While climate change–induced drought may have contributed, the heart of the war probably lies in the long history of conflict between Shiites and Sunnis coupled with the problematic 2003 U.S. invasion of Iraq that pushed more than a million refugees from Iraq to Syria. But if we keep on harping on climate change as the important causal factor, it becomes easier to ignore the Shiite-Sunni struggle that is playing out in countries other than Syria as well. Of course, even if the world were to dramatically reduce its greenhouse gas emissions to keep the temperature rise below 2 degree Celsius, as agreed in the Paris Agreement of 2015, Syrian conflicts and other conflicts will not go away.

This becomes problematic, as there are times when natural disasters require clear indication of who is to blame for the problem. For example, a landslide in Oso, Washington, killed 43 people in March 2014. It’s true that the Pacific Northwest is prone to landslides, and it also receives a lot of rain—118 inches annually on the western slope of the Cascades.  While climate change will probably increase the number and intensity of heavy showers, leading to more frequent landslides, intensive logging and government negligence in permitting new construction in these areas cause the real disasters. In fact, a 2010 study commissioned by the county to comply with the requirements of the federal Disaster Mitigation Act had warned of the danger of mudslides in this area. Arguably, the county should have disallowed development but did not. In October of this year, the state of Washington and Grandy Lake Forest Associates, the timber company that logged the area, acknowledged their negligence and agreed to pay $60 million in damages to survivors.

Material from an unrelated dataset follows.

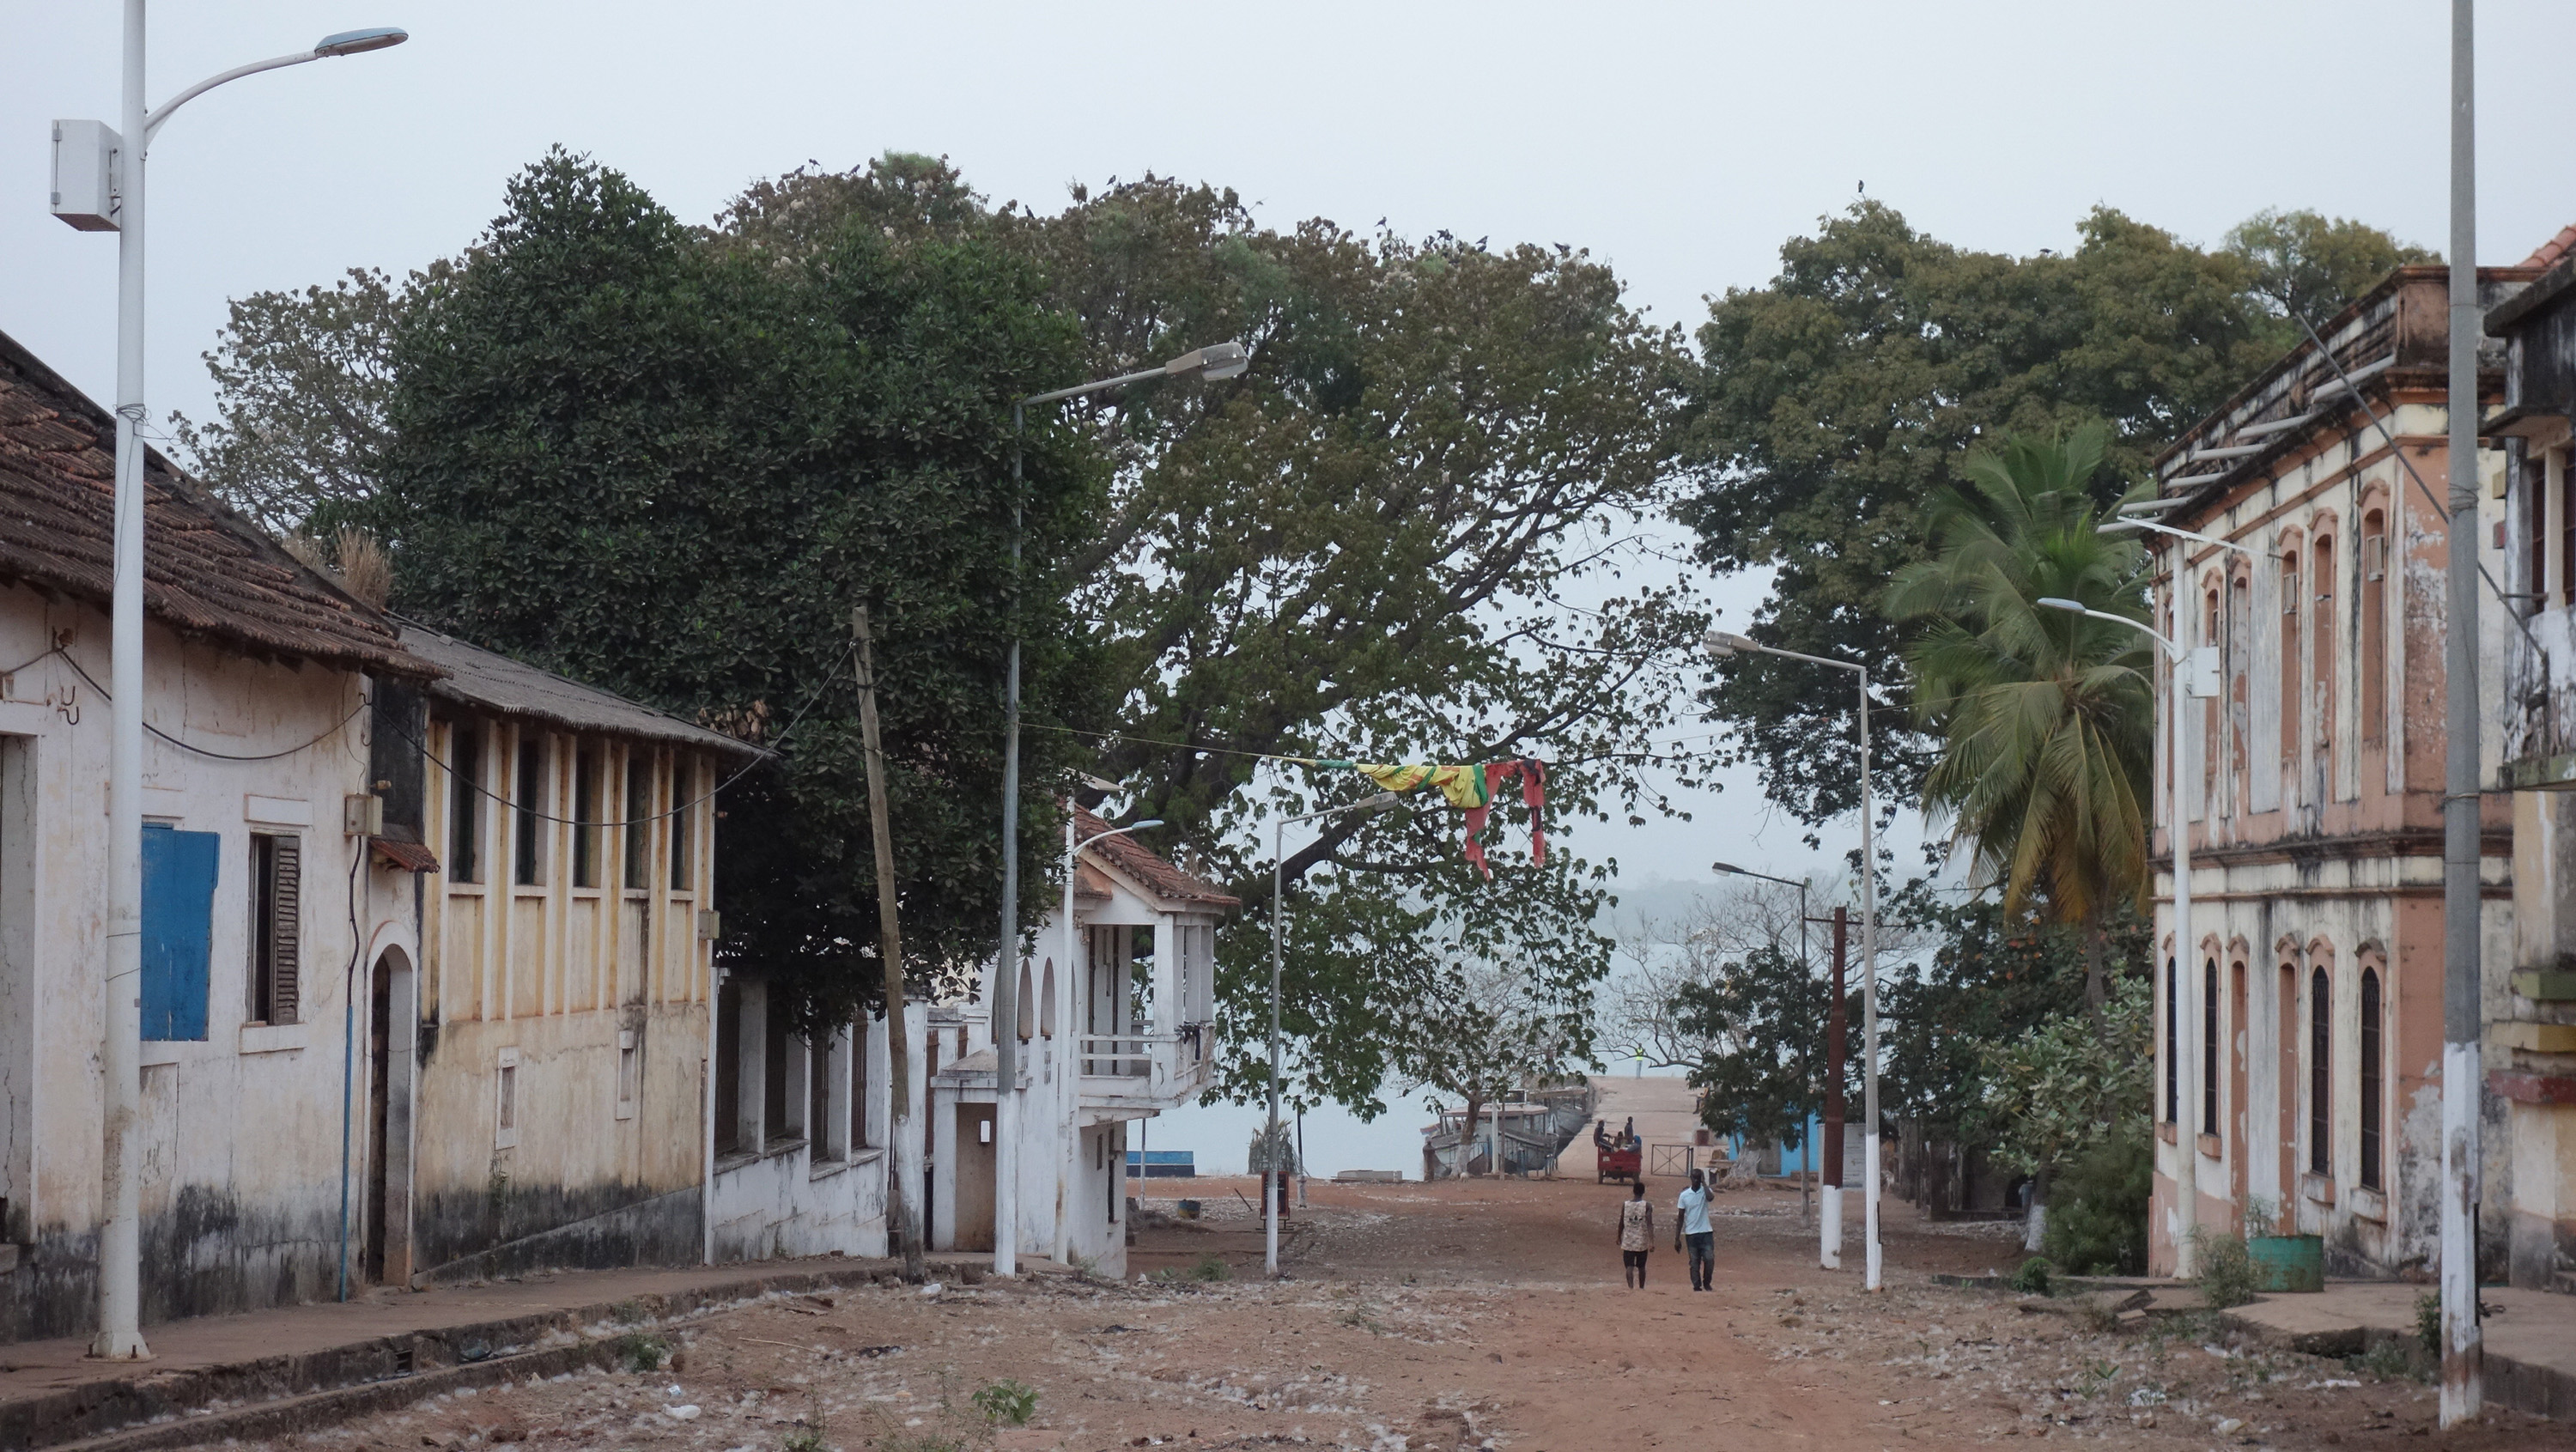 Bolama, Guinea Bissau, UN-Habitat
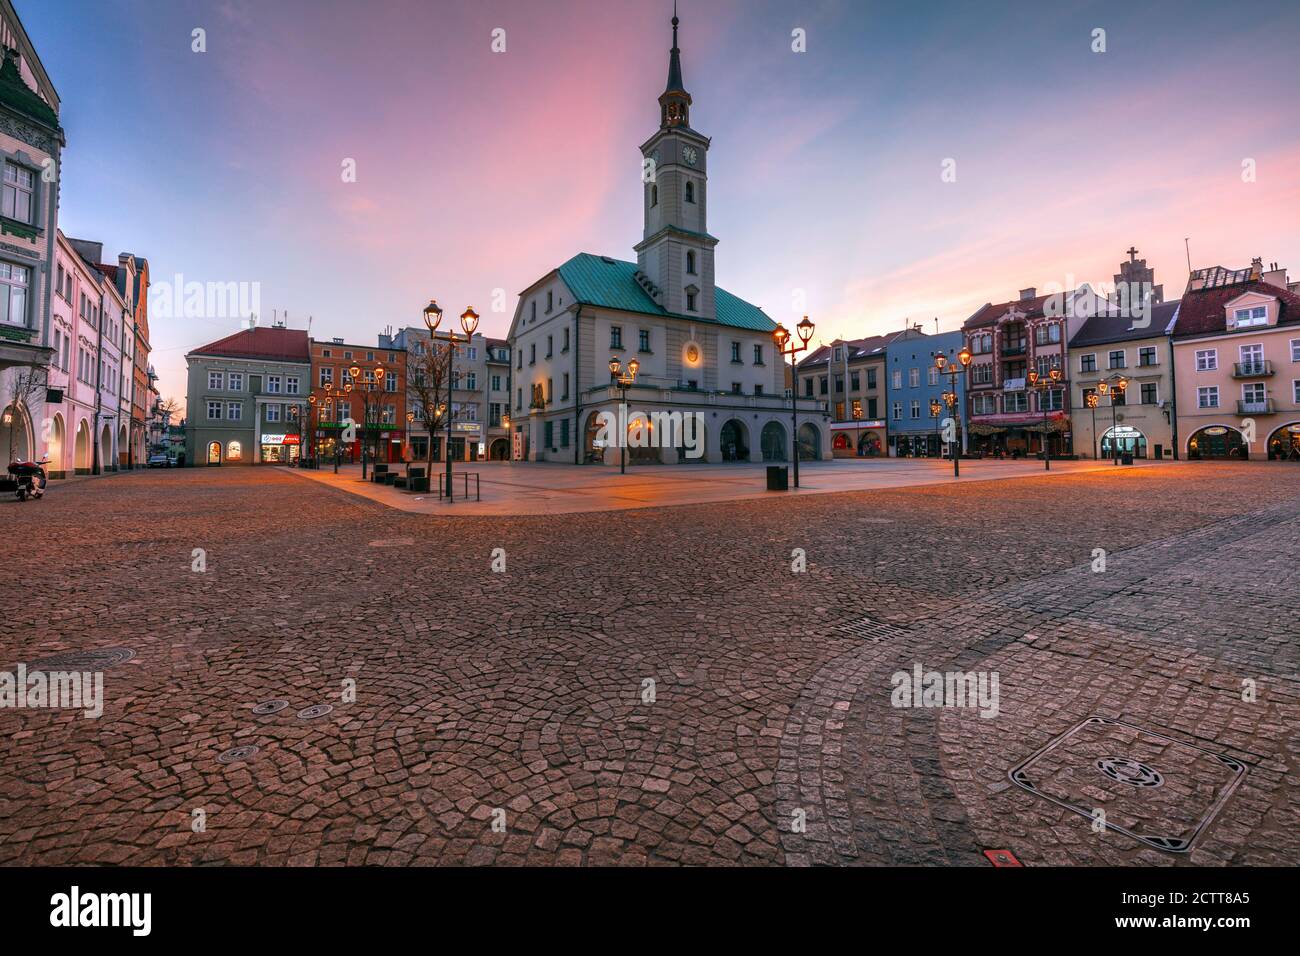 Old town of Gliwice. Gliwice, Silesia, Poland. Stock Photo

We should guard against blaming Oso on climate change. Such events are more of an indication of discreet problems, often caused by government and private actors behaving irresponsibility and neglecting their due diligence in scenarios that would have allowed their communities to better cope with extreme weather events. It is the government and timber companies that should pay. If anything, they should be held to even higher standards, thanks to the increased risk posed by climate change.

When heavy rains in Chennai, India, in December caused massive floods, CNN wrote, “Chennai Floods a Climate Change Wake-Up Call for World.” The consequences of the flooding were horrendous: about 300 dead, massive economic dislocation, and disease outbreaks. While global warming probably accentuated the torrential rains, it was actually policy failures that allowed heavy rains to cause the flood and human suffering: Over the past two decades, the city government has systematically disregarded basic principles of ecology and urban planning by building structures in flood plains and marshlands. For example, an international airport and the information technology corridor are constructed on flood plains. During the flooding they went under. It may be true that the floods should help people realize the dangers of global warming. Climate change is real and will cause serious suffering, which is why we as a society should take steps to address it. But the suffering that will result is not just the fault of climate change—it is often also the result of bad policy.

Climate change is often going to be the domino that falls. But that does not mean we can ignore the rest of the dominos in the row. Doing so is tempting and perhaps advantageous: Climate change is a big, messy problem for which a specific individual or government cannot be held accountable (even though human actions are certainly to blame). Blaming climate change for flooding makes it easier to escape responsibility for not enforcing zoning laws or allowing development on flood plains. But this is not sound policy.

In the case of Syria, it is certainly important to realize that climate change–exacerbated drought was one of the contributing factors—perhaps even the match that lit the kindling. But it does not mean there was no kindling to begin with.

We must be vigilant against climate change scapegoating tendencies when there are other clear issues contributing to these disasters. Allowing such rhetoric could make it easier to avoid fixing the underlying causes, a move that would be catastrophic.

After all, if we know anything, it’s that climate change will make such problems worse.